About
Job Description
Title: Sr. Site Reliability Engineer
Location: Boston, MA
Duration: 6 months+
Industry: Educational (Big 3)
Essential Accountabilities:
* Hands-on design, analysis and troubleshooting of highly-distributed large-scale production systems;
* Ownership of reliability, uptime, capacity, and performance analysis thereofEnsuring the repeatability, traceability, and transparency of our infrastructure automation
* Identifying highest-impact opportunities to optimize existing systems
* System design consulting for teams seeking to leverage or improve their production infrastructure
* Anticipate, build and plan capacity for upcoming product/feature launches
Required Skills:
* Mastery of AWS services (IAM, EC2, S3, EBS/EFS, ELB/ALB, AutoScaling, RDS and replication techniques, VPC, Subnets, Elastic IP, Route53, CloudWatch, CloudFront, Lambda, CloudFormation, ECS, SNS, ElastiCache)

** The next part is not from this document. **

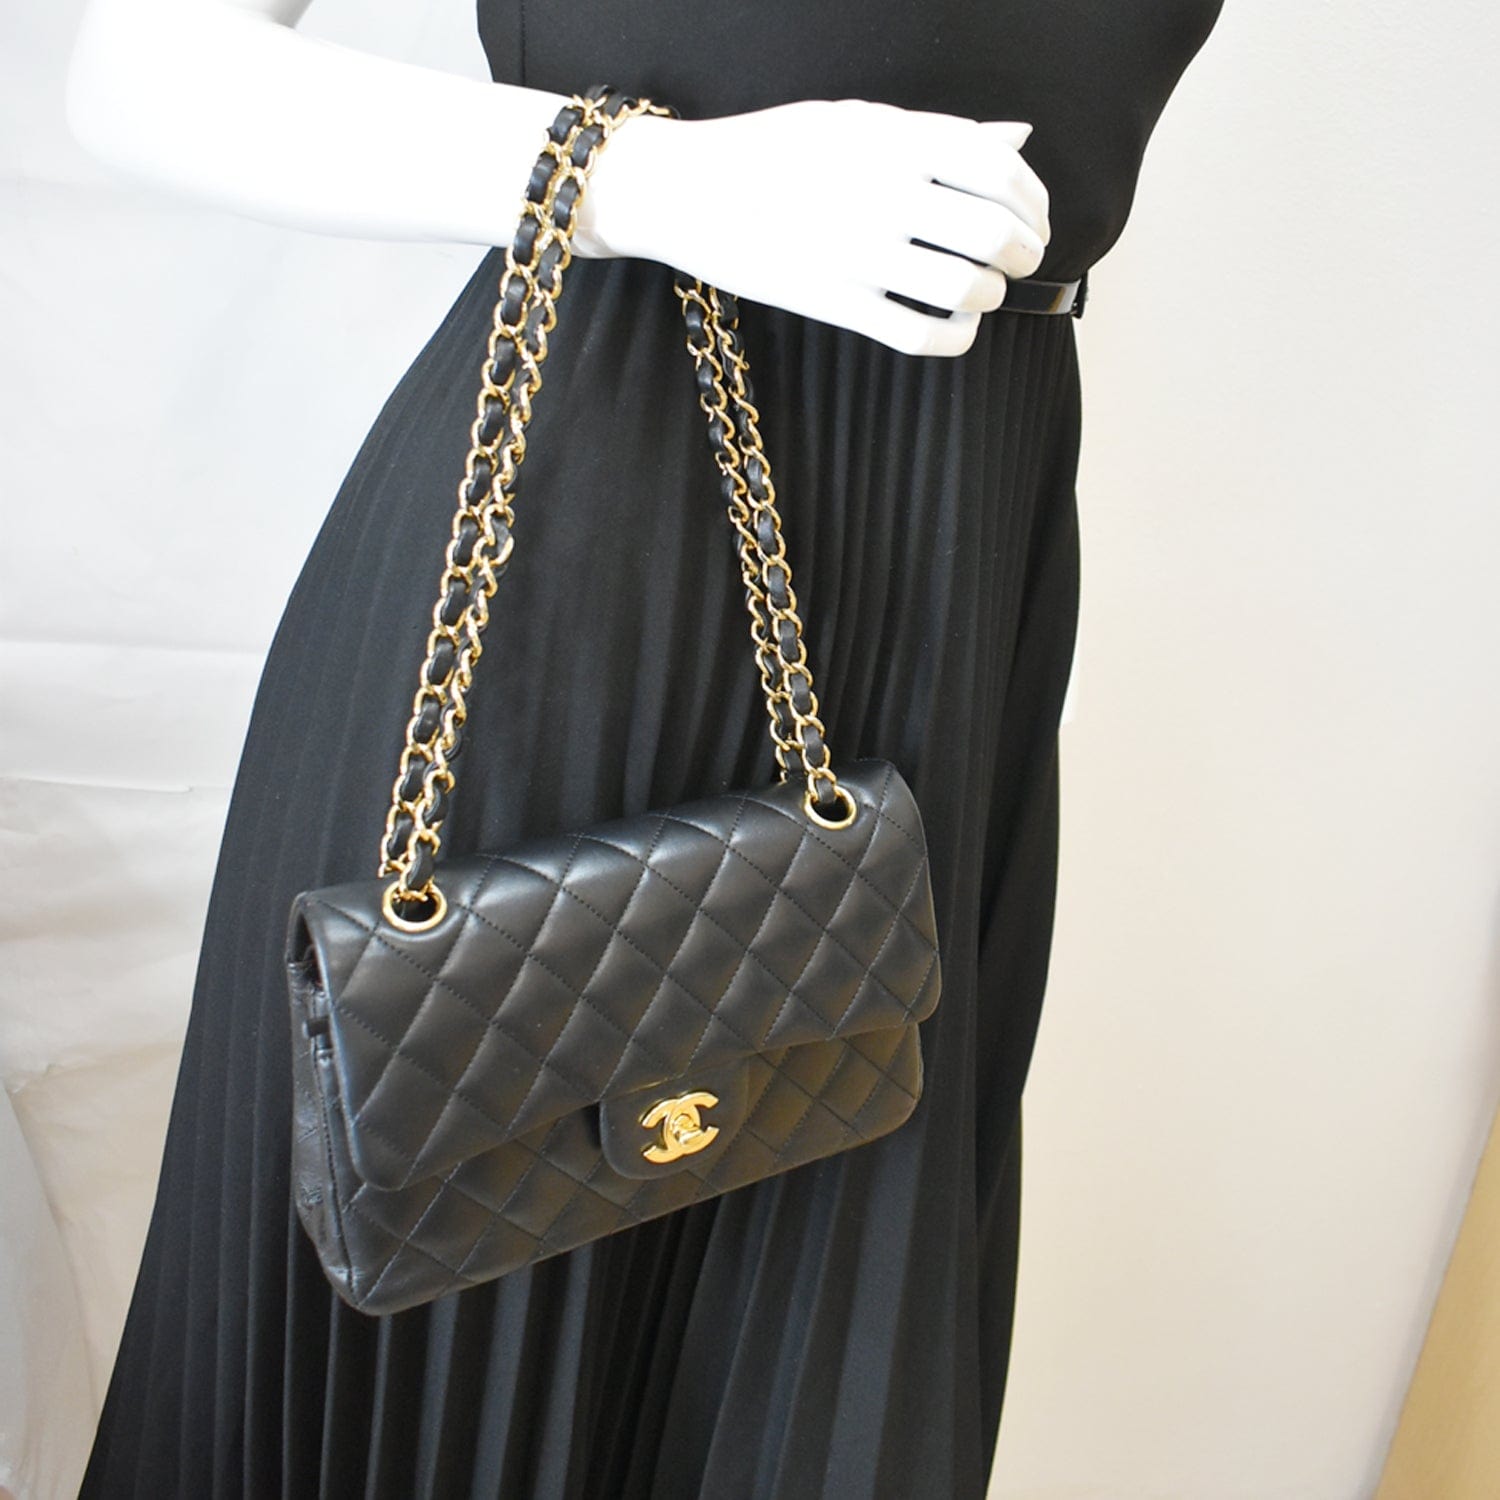 Black Chanel Small Classic Lambskin Single Flap Crossbody Bag
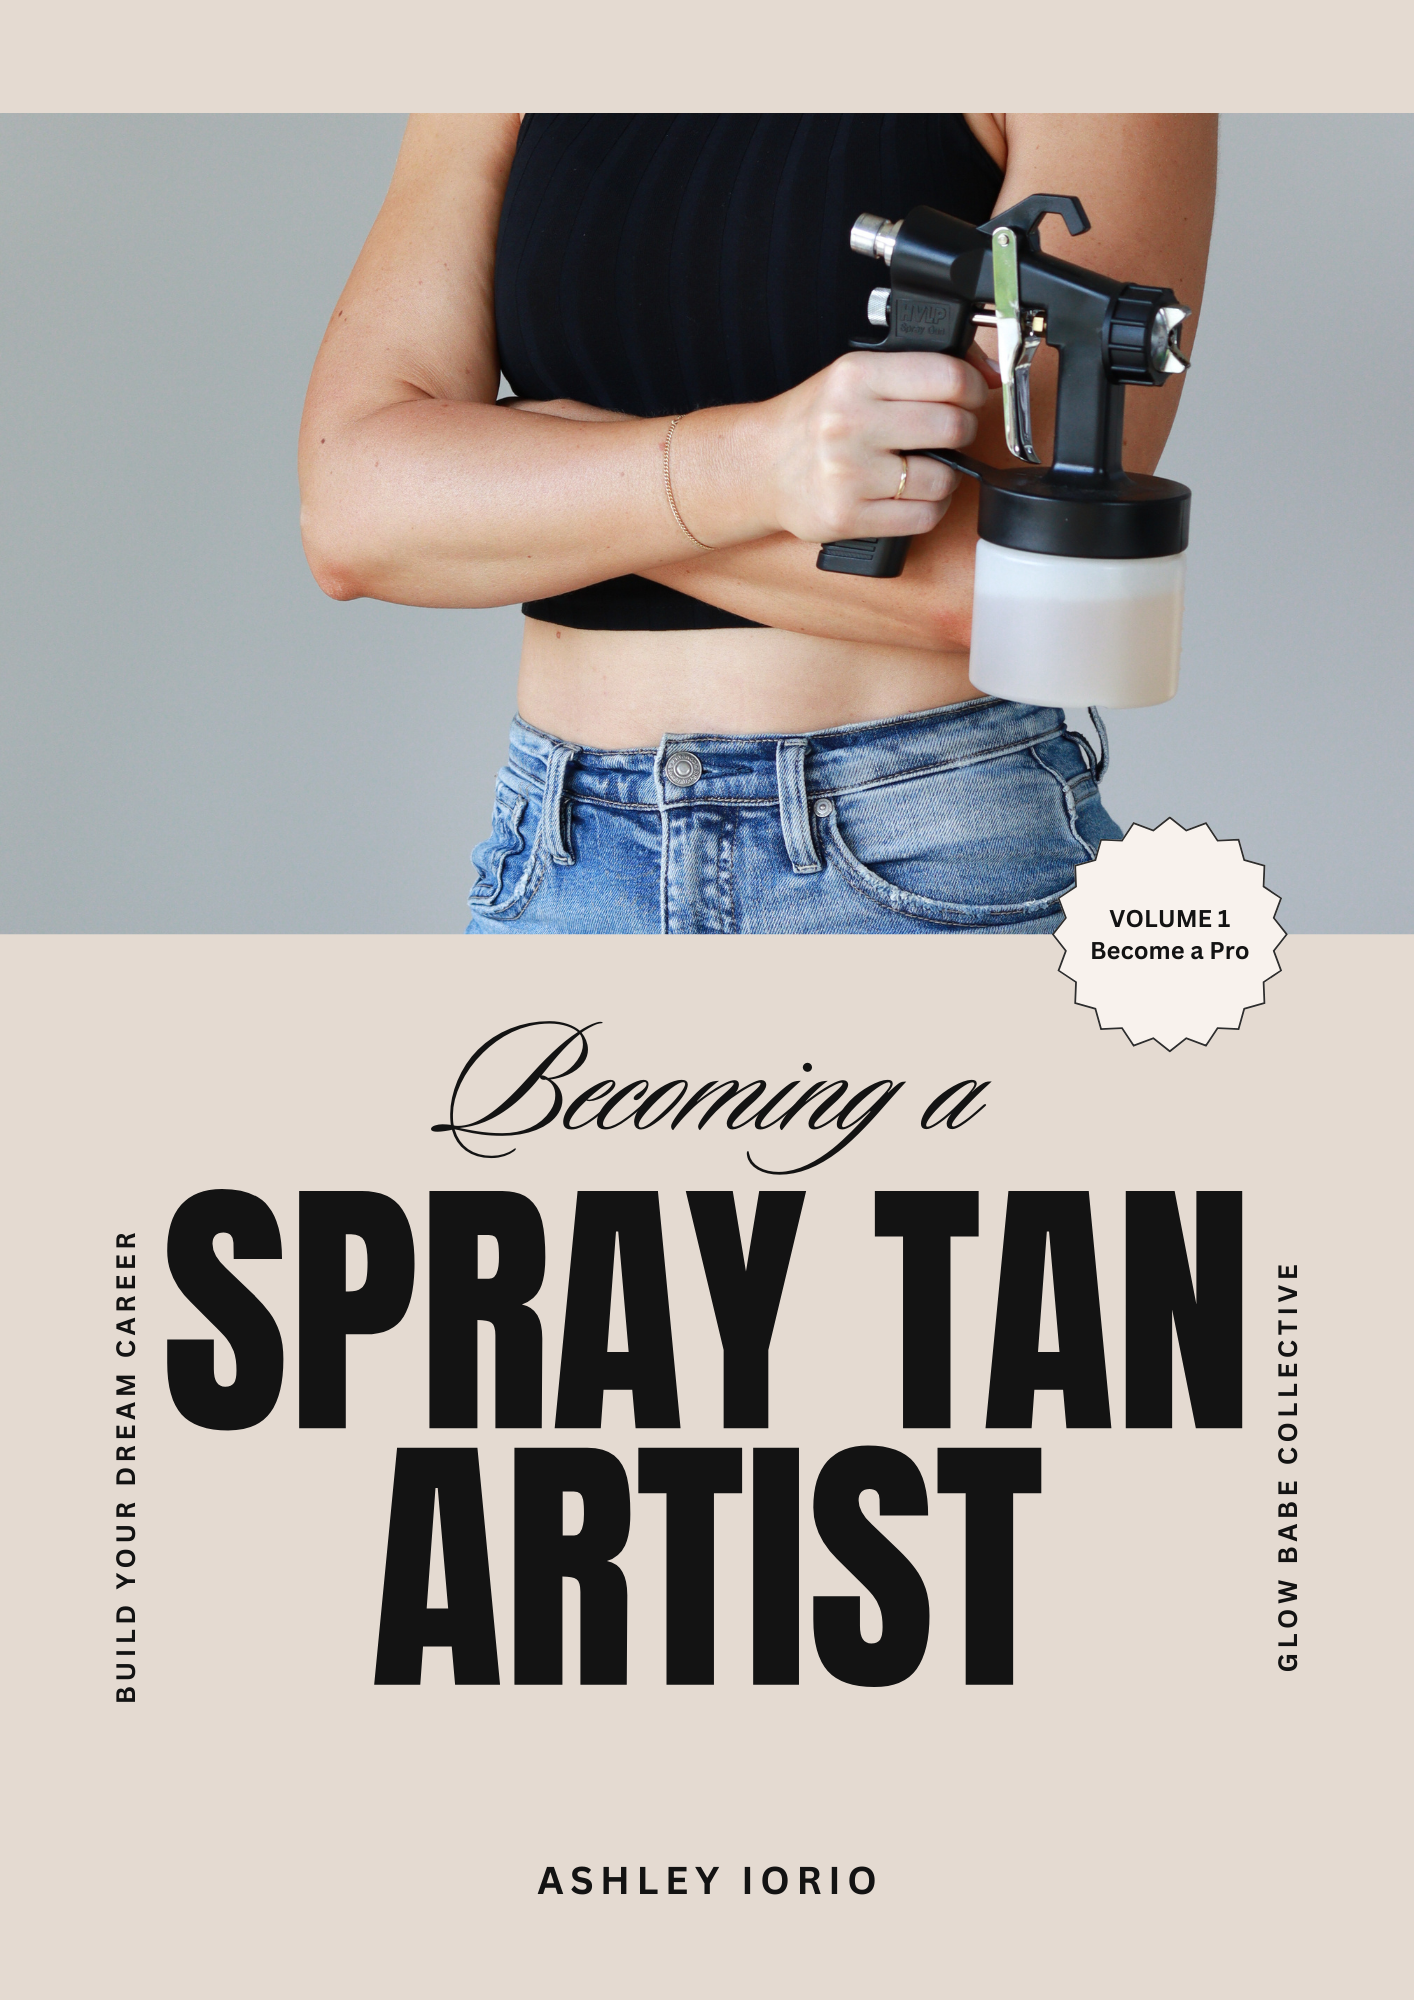 Certification Spray Tan Artist: In-Person Training

* Expertise in container/container-fleet-orchestration technologies (like Docker,Kubernetes, AWS ECS)
* Expertise in designing and manage escalation response plans from monitoring, react,respond, remediate and retrospect in culturally aligned (proactive, customer focused,collaborative, data-driven and AUTOMATED) ways
* Mastery of infrastructure build and configuration automation technologies (like Terraform, Ansible, Puppet, CodeDeploy, Chef)
* Strong skills in reading, understanding and writing code in at least two of: Javascript, Python, PHP, Go, or Ruby
* Strong network engineering skills
* Cloud and container native Linux administration/build/management skills (AWS AMIs,Packer, etc.)
* Significant experience troubleshooting concurrent and distributed system interactions
* Expertise with continuous-deployment software development lifecycles in the Cloud (e.g.CI/CD);
* Cloud database operations and deployment experience (RDS MySQL/Postgres/Aurora), caching operations & deployments (Memcache, Redis)
* Expertise with Lean/Agile deployment processes (ZDT: Blue/Green, Canary, DNS strategies)
* Familiarity with site and infrastructure monitoring systems (CloudWatch, Datadog, New Relic, Sumologic, Thousand Eyes)
* Strong problem solving, root cause analysis and systems engineering skills; Good presentation and communication skills
* Expertise with SDLC branching, SCM, and code deployment systems (Git/Gitflow,Jenkins, CircleCI, etc.)
* BS Degree in Computer Science (or related technical field and/or equivalent industry experience).